There’s definitely more to this list, i just probably won’t blog about it. By the way, in case you were wondering why Dancing Rapunzel ends her blog abruptly on May 19th 2010, and why there’s a stupid square thing embedded in the middle of all the text… it’s because my password got hijacked, or something, and after about 35 hours of trying to get back in or get some type of account support, i gave up and was never able to get back in it. I don’t exactly know why that square is there, but IF I COULD GET IN, I COULD FIGURE OUT HOW TO GET RID OF IT. well, i don’t think anyone at the other blog hosting site cares or is listening, but i’ve decided i’m very happy this happened because it is a brand new beginning for me. I can still go back and read some of my old posts, as a guest. But for now it’s new boobs, new job, new life, new blog. whoa… my blogging is like mirroring my real life. trippy.

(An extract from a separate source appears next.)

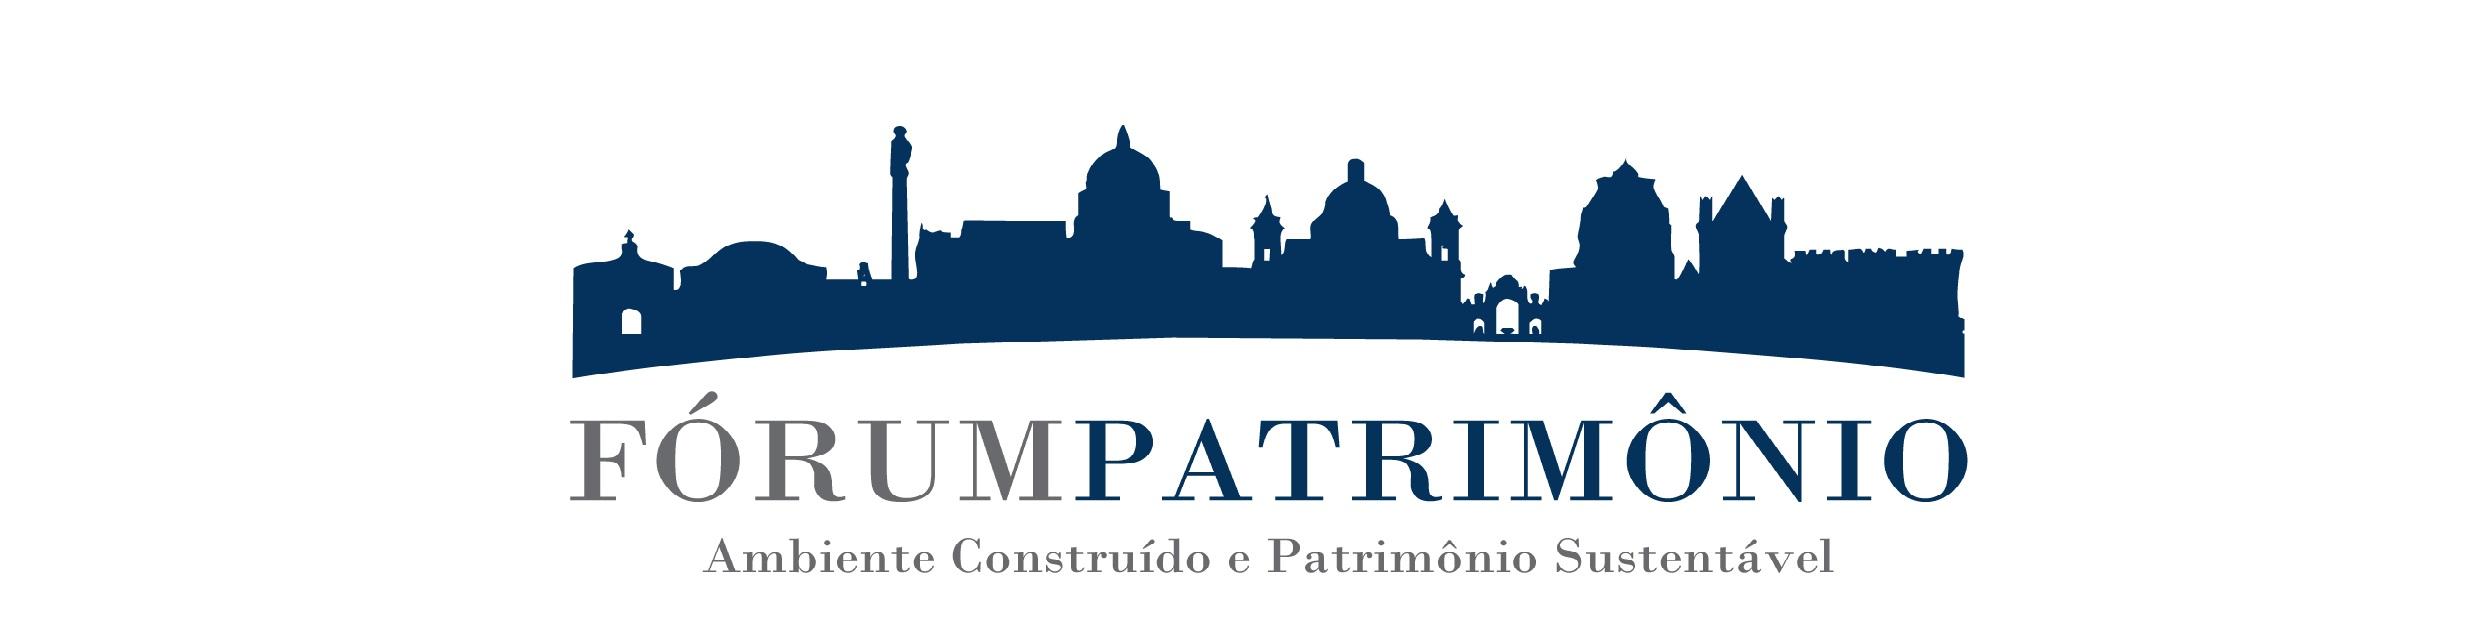 Revista Forum Patrimônio
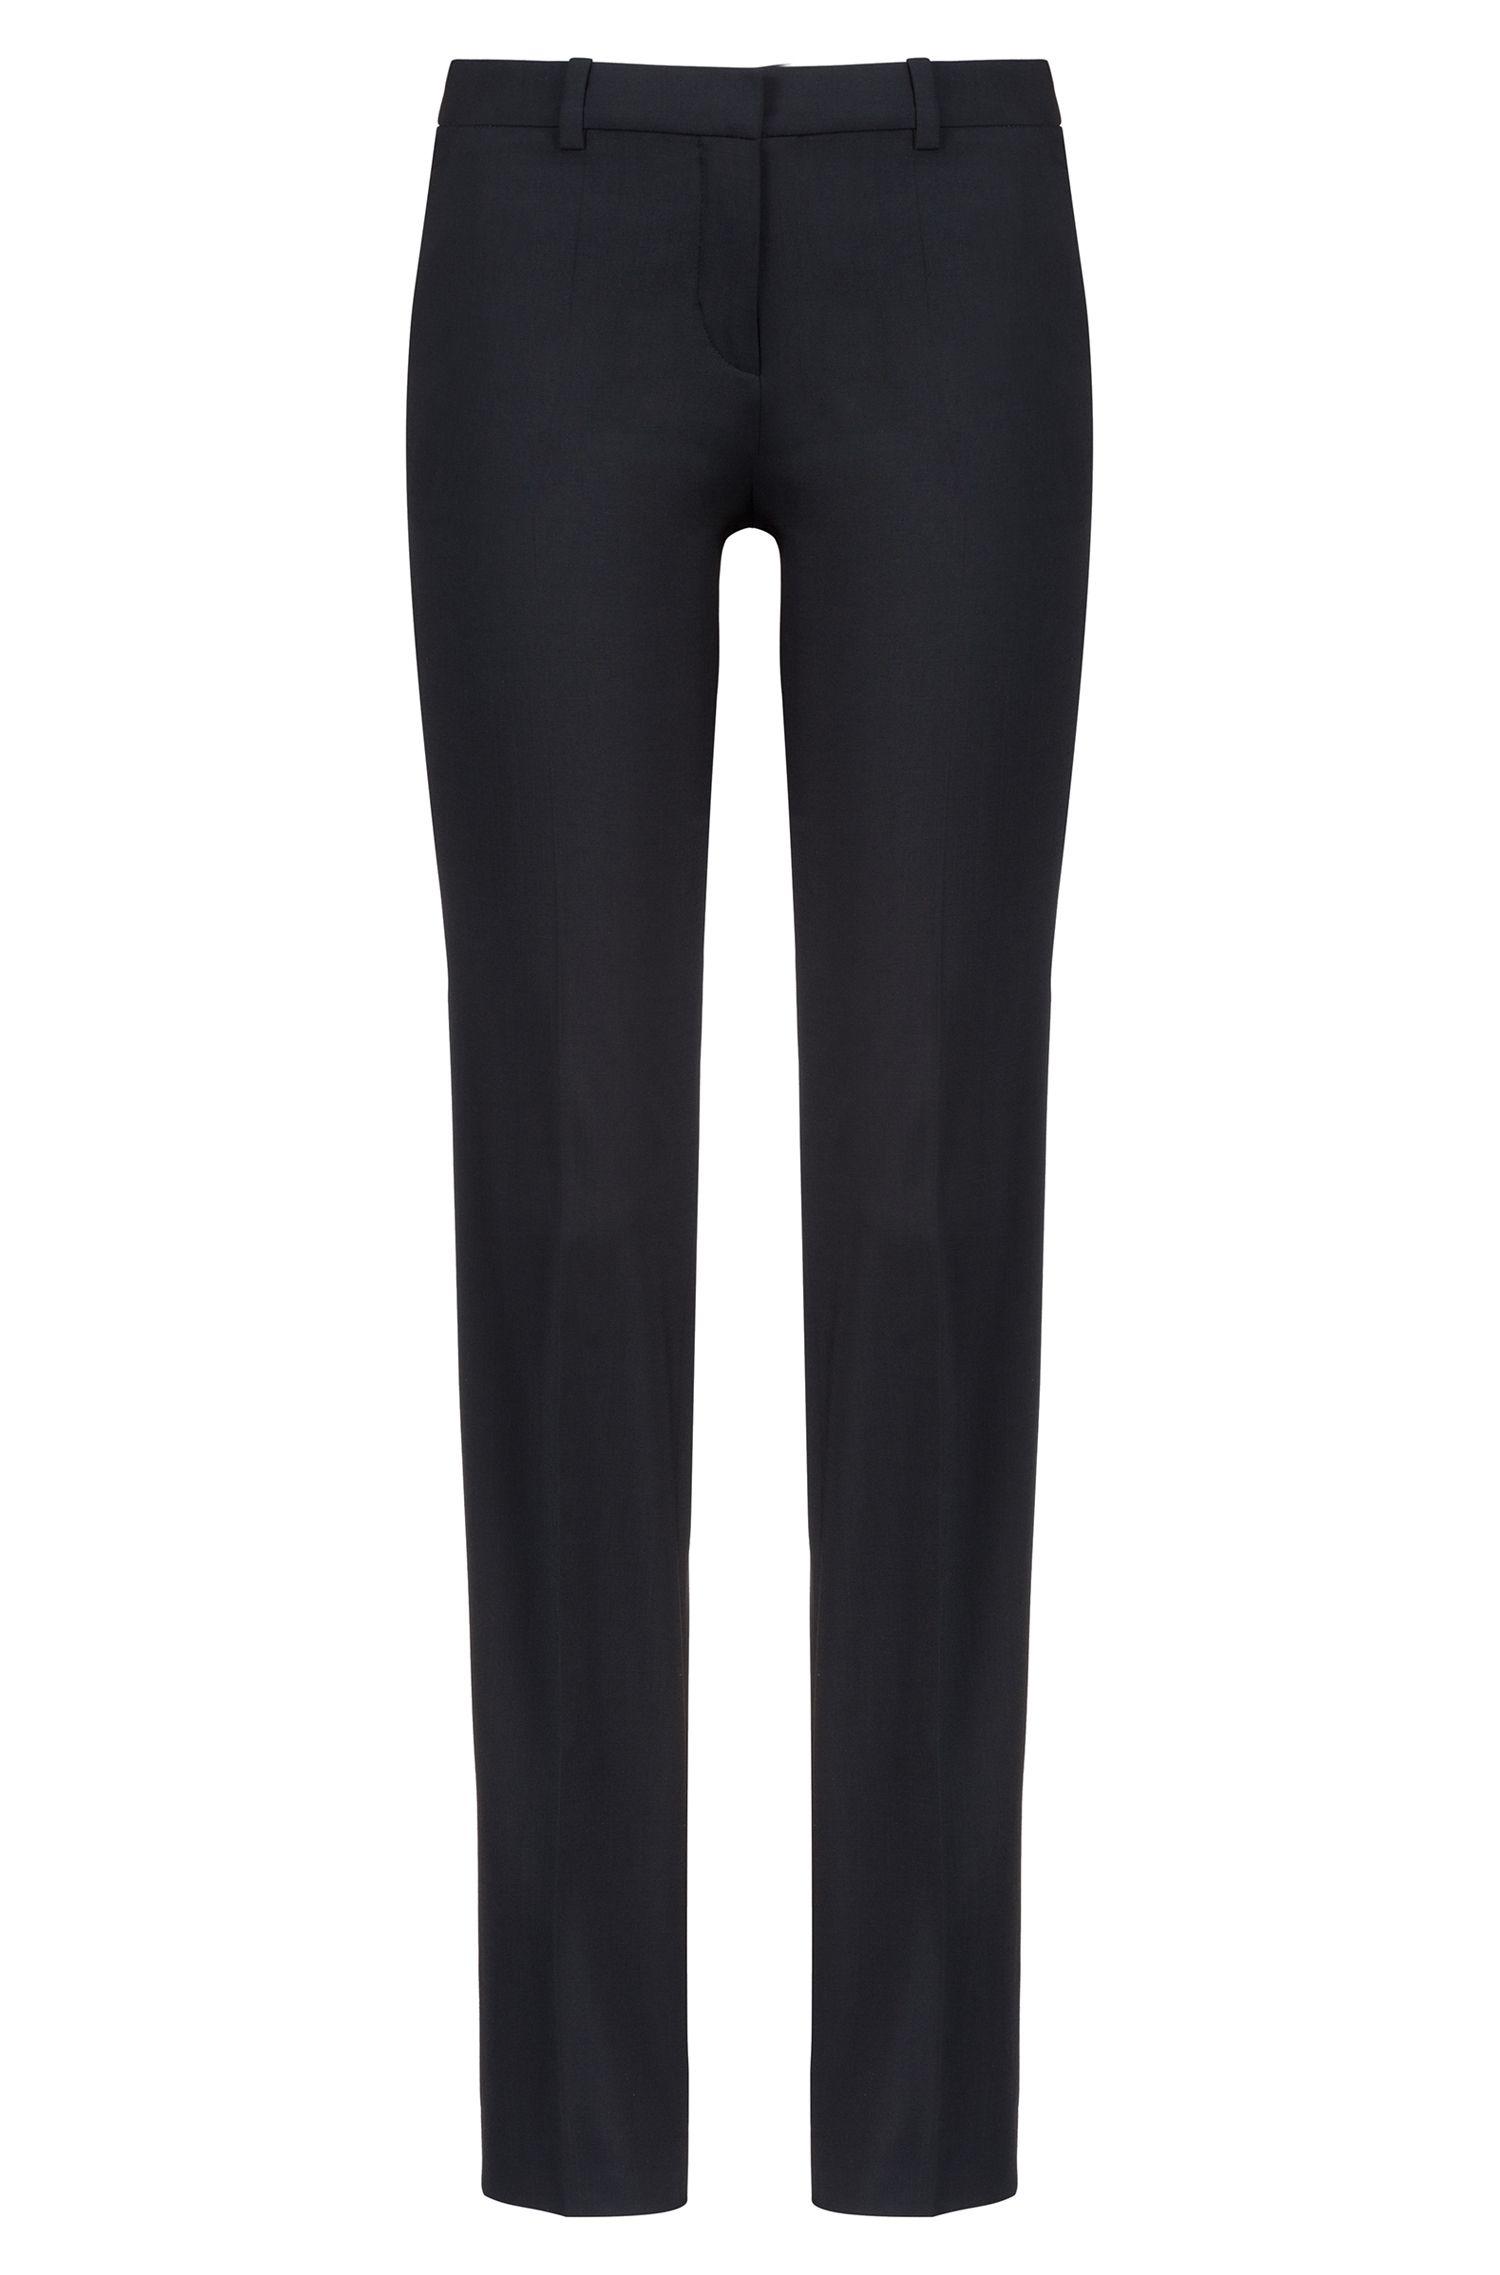 Pantalon HUGO Femme Regular Fit habillé, en laine vierge stretch

anyway, about that new dress. it’s sky blue, with daisies all over it. It’s the one i wear in my most beautiful dream… the dream where i make art and take photos all day, every day… where David Bromstad, Antonio Ballitore & Chewy have all collaborated to design my home, where I like myself and i love my body (rockin or not), and where i’m surrounded by the people i love. oh and there’s cupcakes, lots of perfectly delicious cupcakes.
here is a sketch in my journal. i started making these portraits a few months ago. some are self-portraits, some are portraits of other women i’ve known, and most are a combination of both. Sometimes i do get bummed because i’ve gained some weight, or because the chemo claimed my long pretty hair. i draw the portraits when i just want to feel pretty again, and lipstick isn’t helping.
p.s. please self exam and get a mammogram! … and don’t forget to ask the doc if you’re dense!